Proverbs 19–21; 2 Corinthians 7
They would not openly acknowledge their faith for fear.

John 12:42

John 12:37–43
The film Paul, Apostle of Christ takes an unflinching look at persecution in the early days of the church. Even the movie’s minor characters reveal how dangerous it was to follow Jesus. Consider these roles listed in the credits: Beaten Woman; Beaten Man; Christian Victims 1, 2, and 3.

Identifying with Christ often came at a high cost. And in much of the world, it’s still dangerous to follow Jesus. Many in the church today can relate to that kind of persecution. Some of us, however, may feel “persecuted” prematurely—outraged any time our faith is mocked or we suspect we were passed over for a promotion because of our beliefs.
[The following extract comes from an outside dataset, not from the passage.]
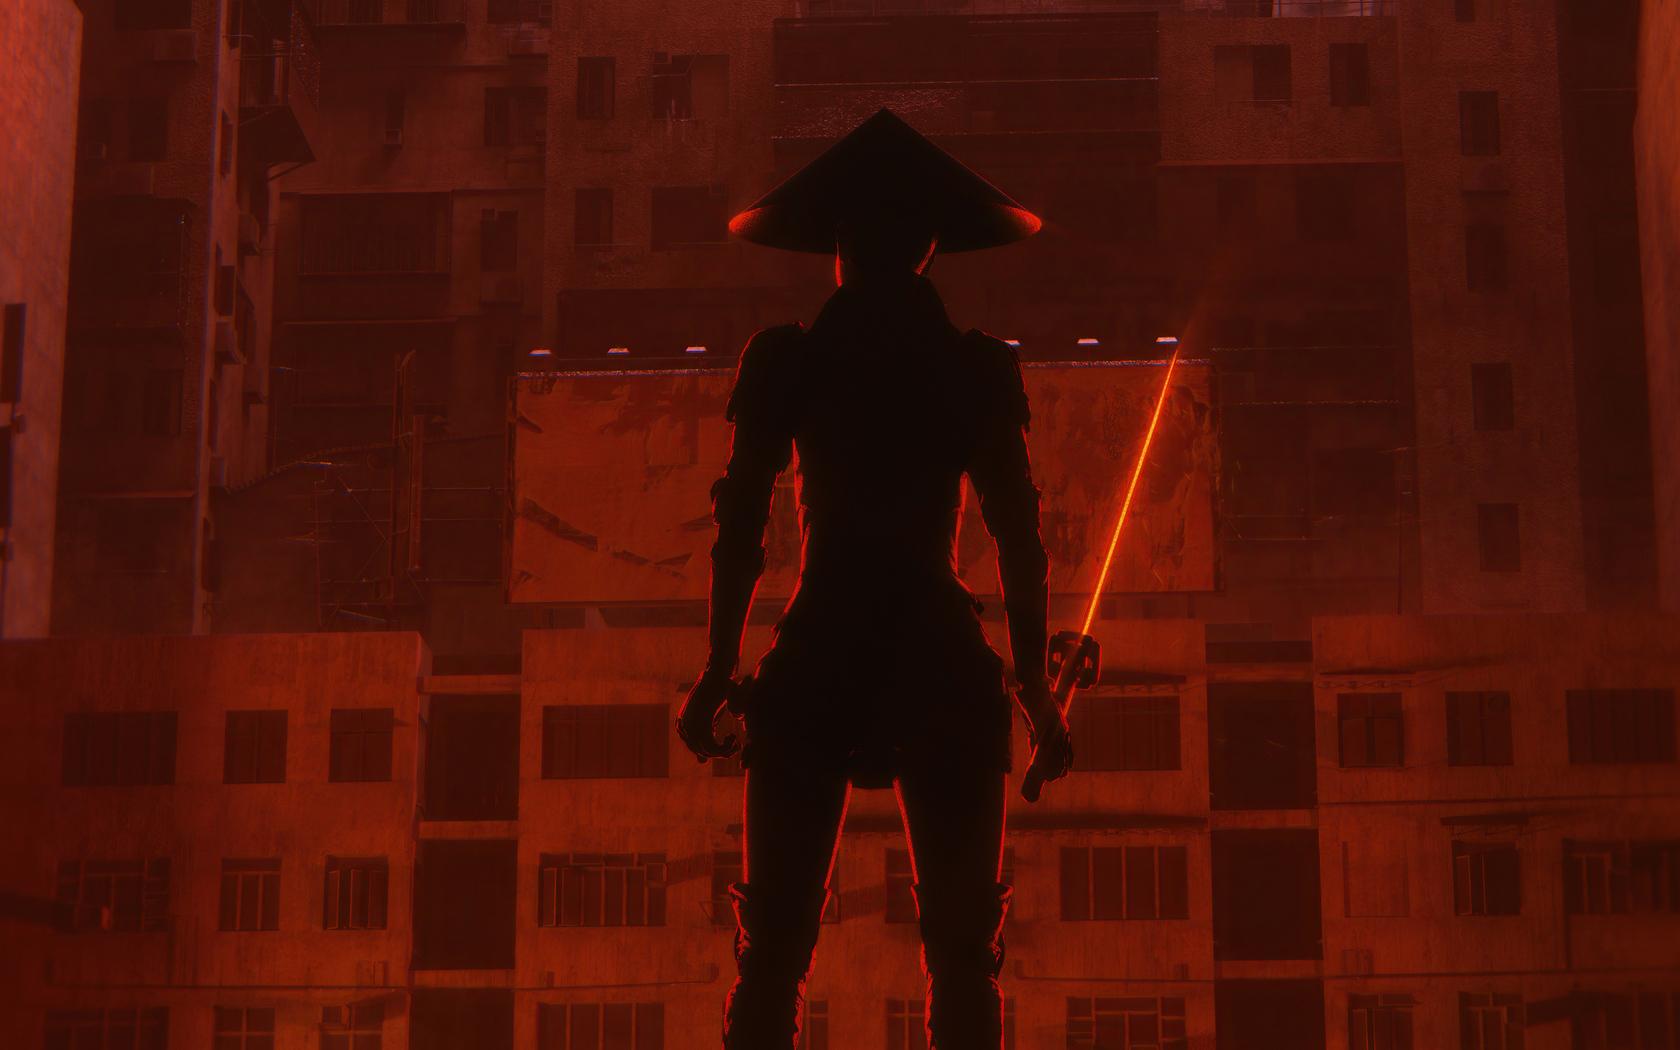 red-ninja-day-sword-4k-83.jpg

Obviously, there’s a colossal difference between sacrificing social status and sacrificing our lives. Realistically, though, self-interest, financial stability, and social acceptance have always been intense human motivators. We see this in the actions of some of Jesus’s earliest converts. The apostle John reports that, mere days before Jesus’s crucifixion, although most Israelites were still rejecting Him (John 12:37), many “even among the leaders believed” (v. 42). However, “They would not openly acknowledge their faith . . . for they loved human praise more than praise from God” (vv. 42–43).

Today we still face societal pressures (and worse) to keep our faith in Christ hidden. Whatever the cost, let’s stand together as a people who seek God’s approval more than human praise.

Reflect & Pray
We might be tempted to judge the early believers who hid their faith, but are we any different? Are there times we choose to be quiet so we can hide our identification with Jesus?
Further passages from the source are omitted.